Work order >>
Nothing outside the range is to be copied. From the entries below, reproduce exactly the lines starting at the one with "Happy Birthday Jeremy Irons !" and ending at the one with "The British actor", without pictures.

Entries shown >>

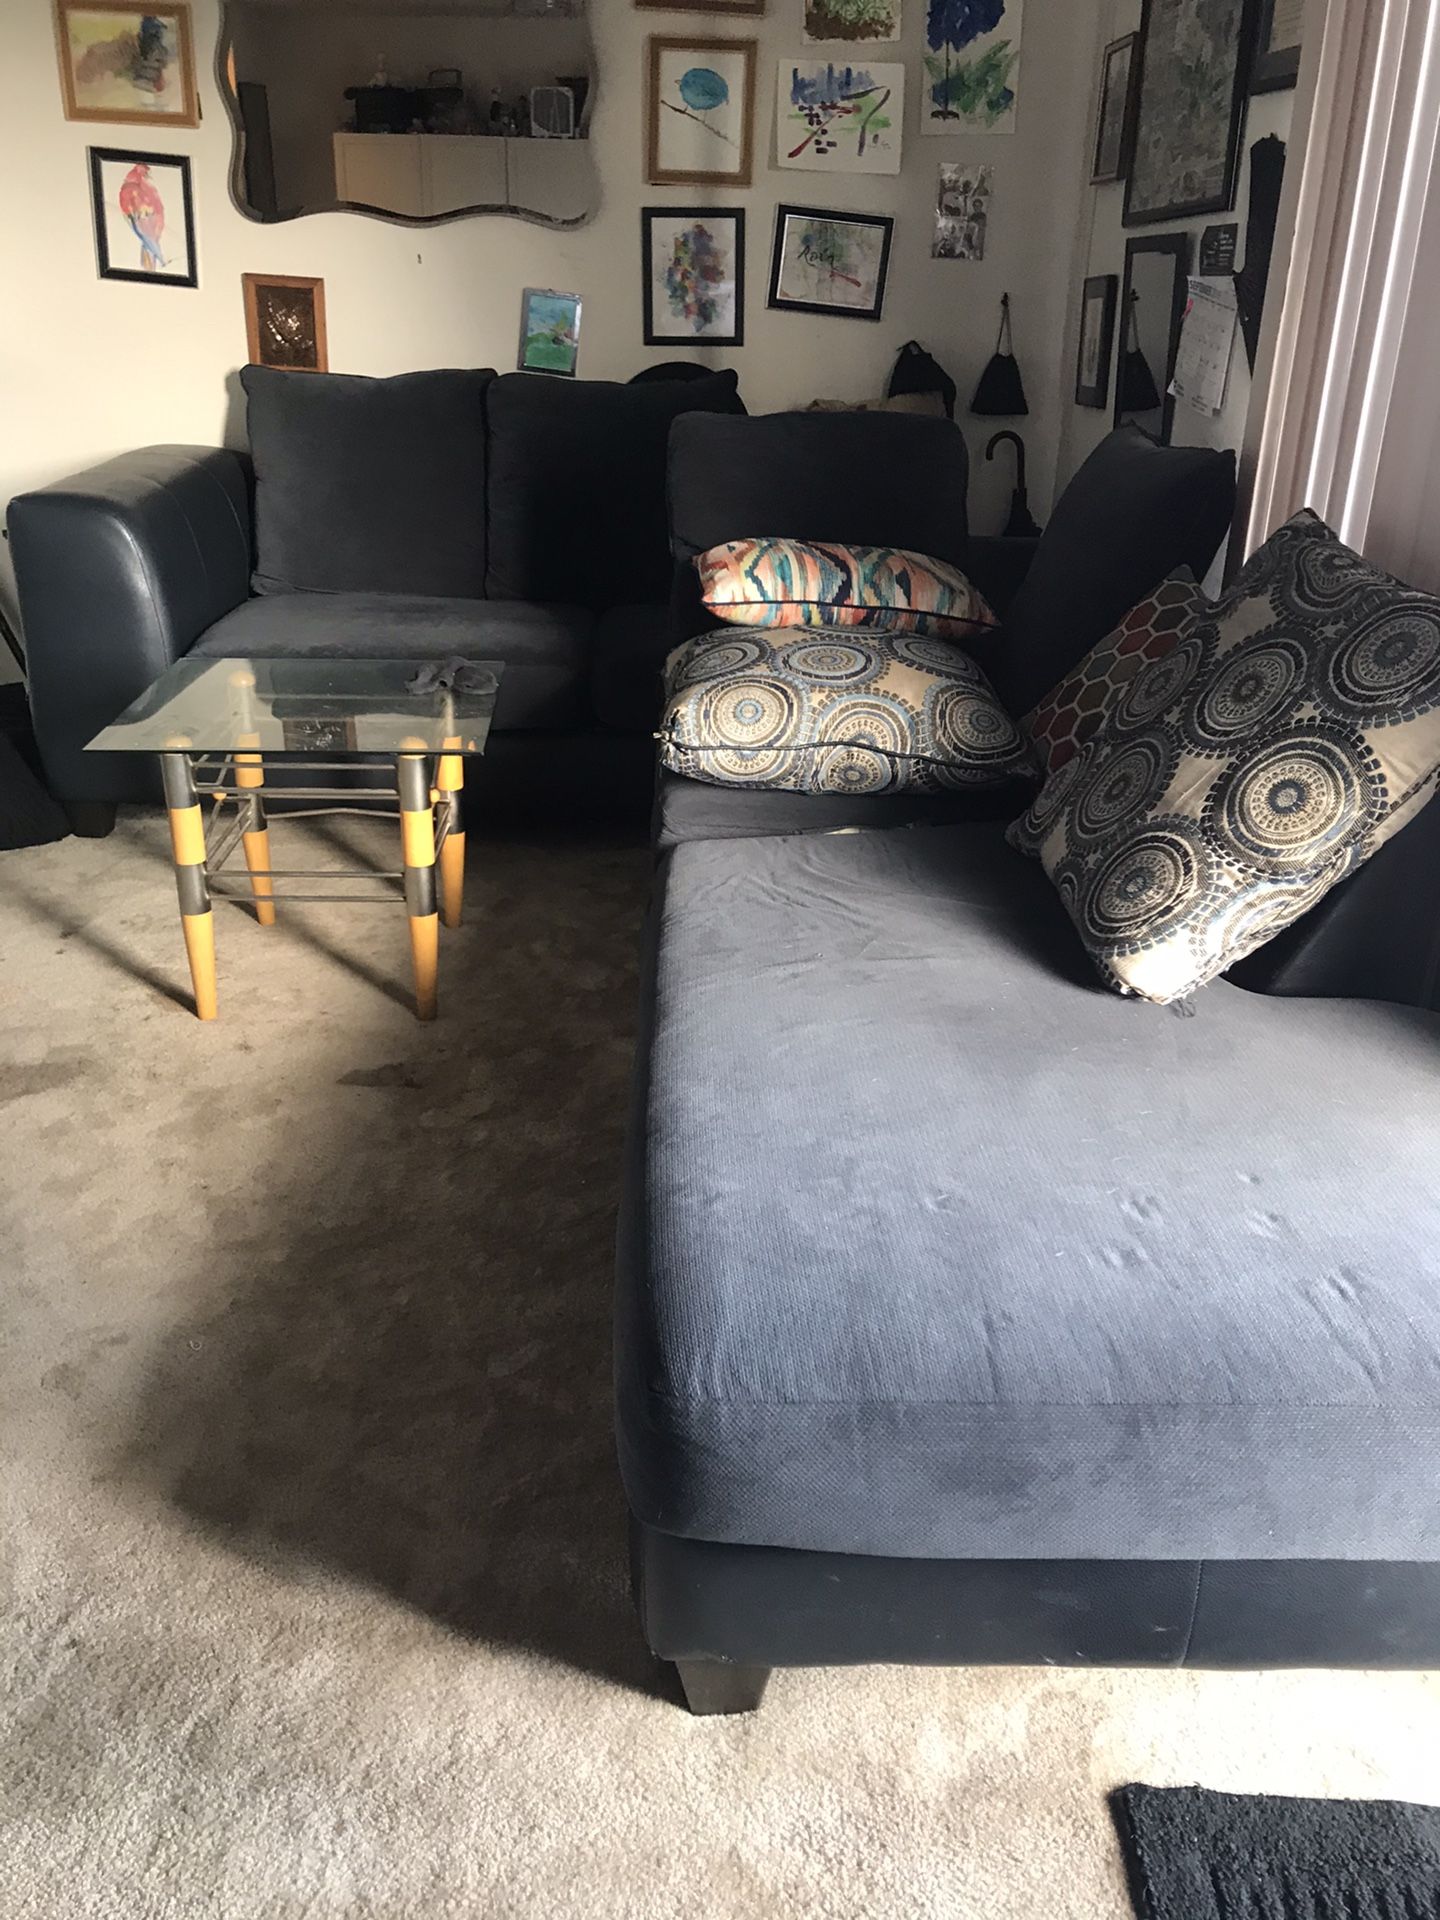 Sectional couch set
---
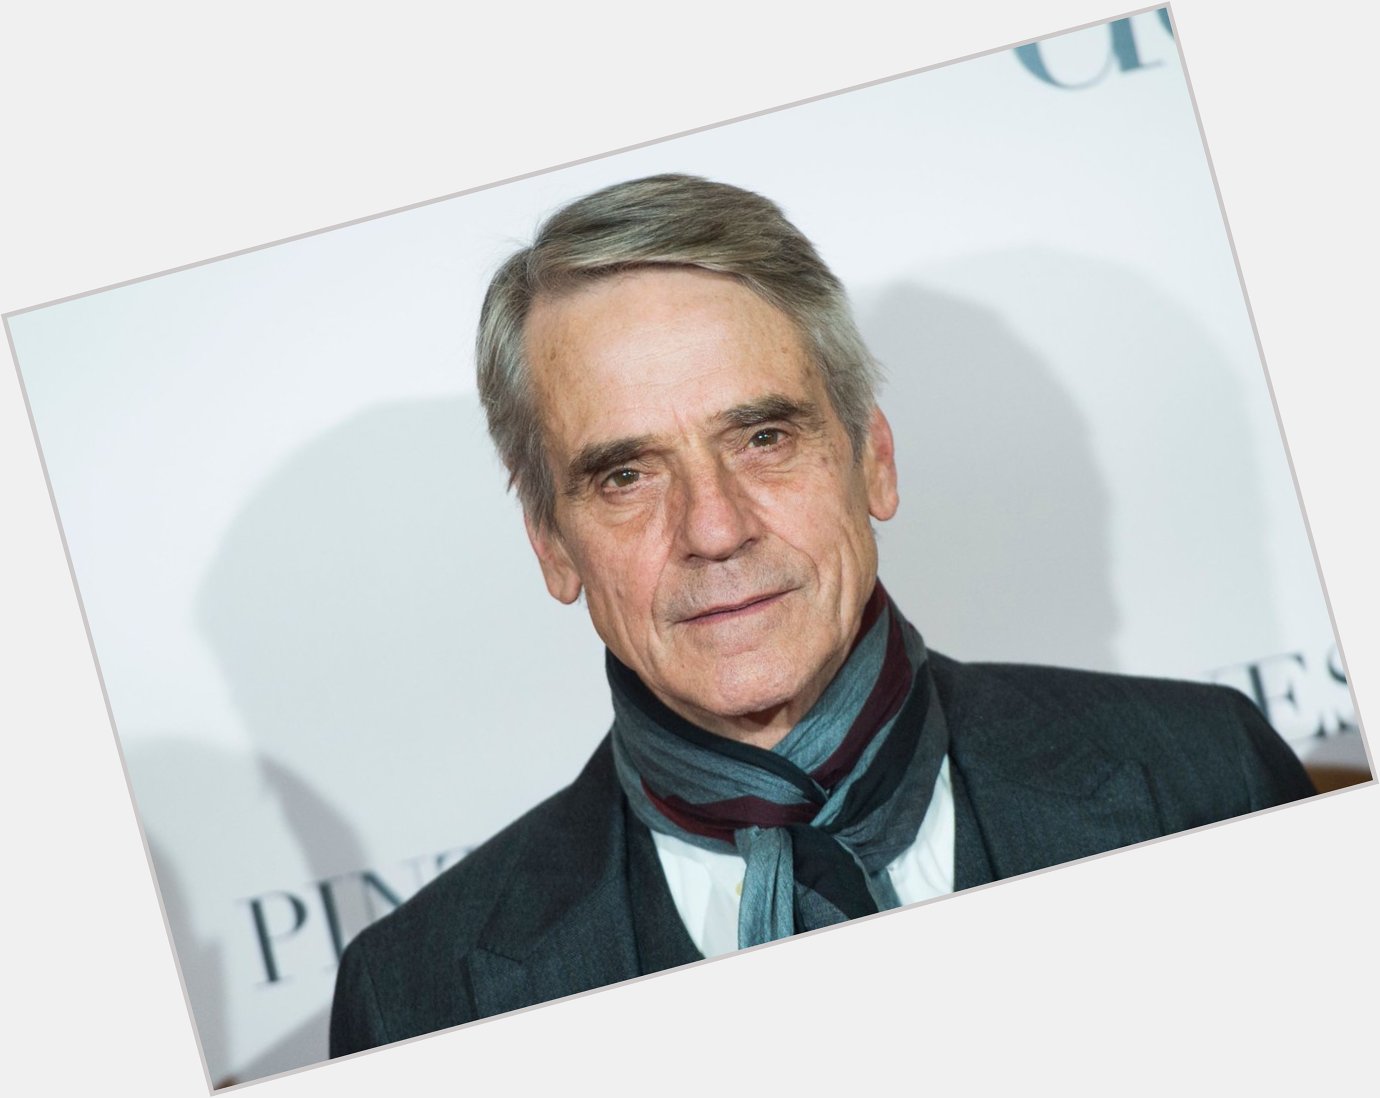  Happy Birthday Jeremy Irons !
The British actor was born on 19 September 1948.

Solution for this exercise >>
  Happy Birthday Jeremy Irons !
The British actor was born on 19 September 1948.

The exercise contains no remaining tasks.